That is one of the wonders of the plant kingdom!

It took several trips and quite a few hours of shopping to finally source a few little variegated English holly shrubs in the fall of 2017.  Although these were clearly labeled as Ilex aquifoliumn, as it turns out, they are actually Osmanthus heterophyllus ‘Goshiki’.

I accepted the plants at face value, believing the big name label on the shrubs that identified them as English holly.  It was a very knowledgeable reader of Forest Garden, California Horticulturalist Tony Tomeo, who pointed out the error and set me on the path to a correct identification of the shrubs.

Sometimes known as ‘false holly’, Osmanthus is a beautiful and useful evergreen shrub from Asia.  This particular shrub is called ‘Goshiki’ because the leaf exhibits five different colors during its development:  pink, cream, yellow, orange and white, in addition to green.  It is a beautiful plant in growth, with the new growth showing the most color.
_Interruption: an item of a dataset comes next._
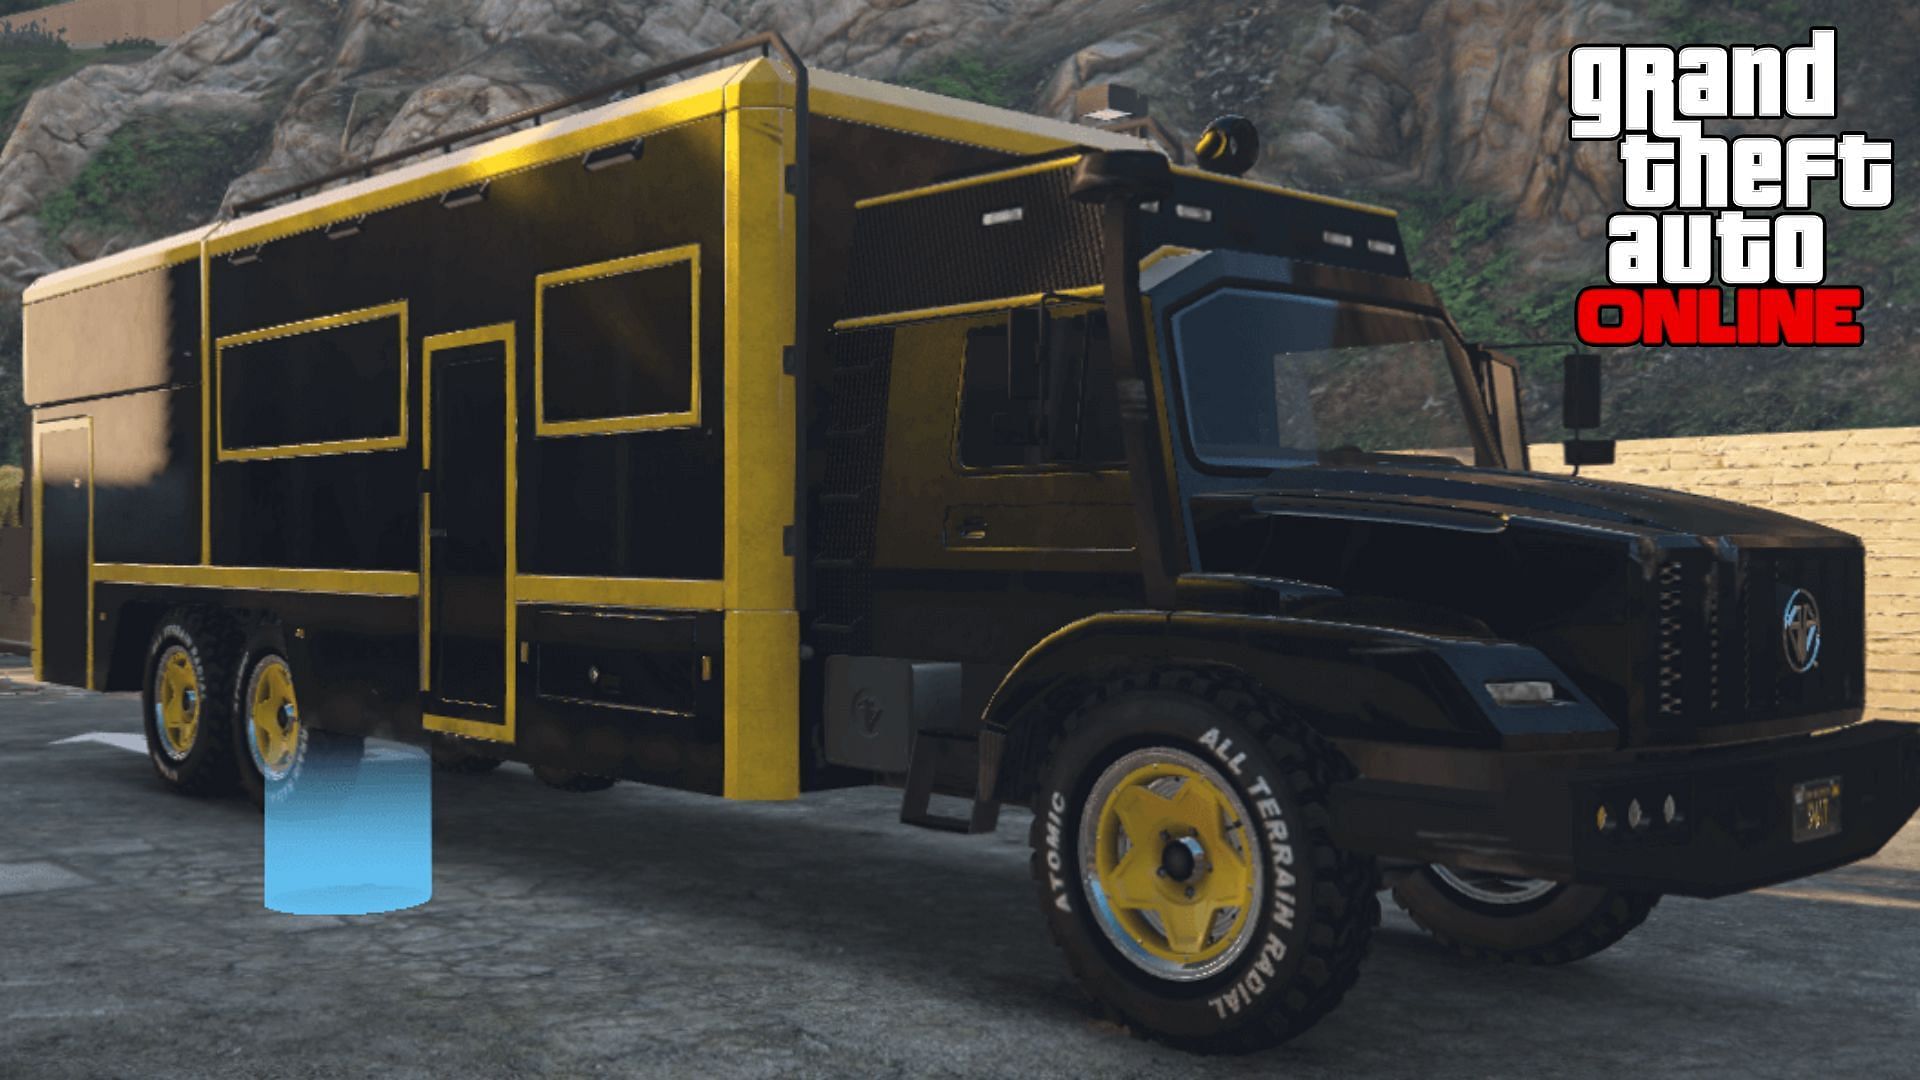 A fully upgraded Benefactor Terrorbyte in GTA Online (Image via GTA Base/cgris85)

I’ve grown this plant over the past several years and have it elsewhere in the garden.  It goes to show how quickly we will believe and accept how things are labeled, that I didn’t recognize the error in labeling right away.  It took Tony’s nudge for me to compare the two leaves side by side.

Out of the several plants finally located, two survived that very cold winter and finicky spring to live on into 2019.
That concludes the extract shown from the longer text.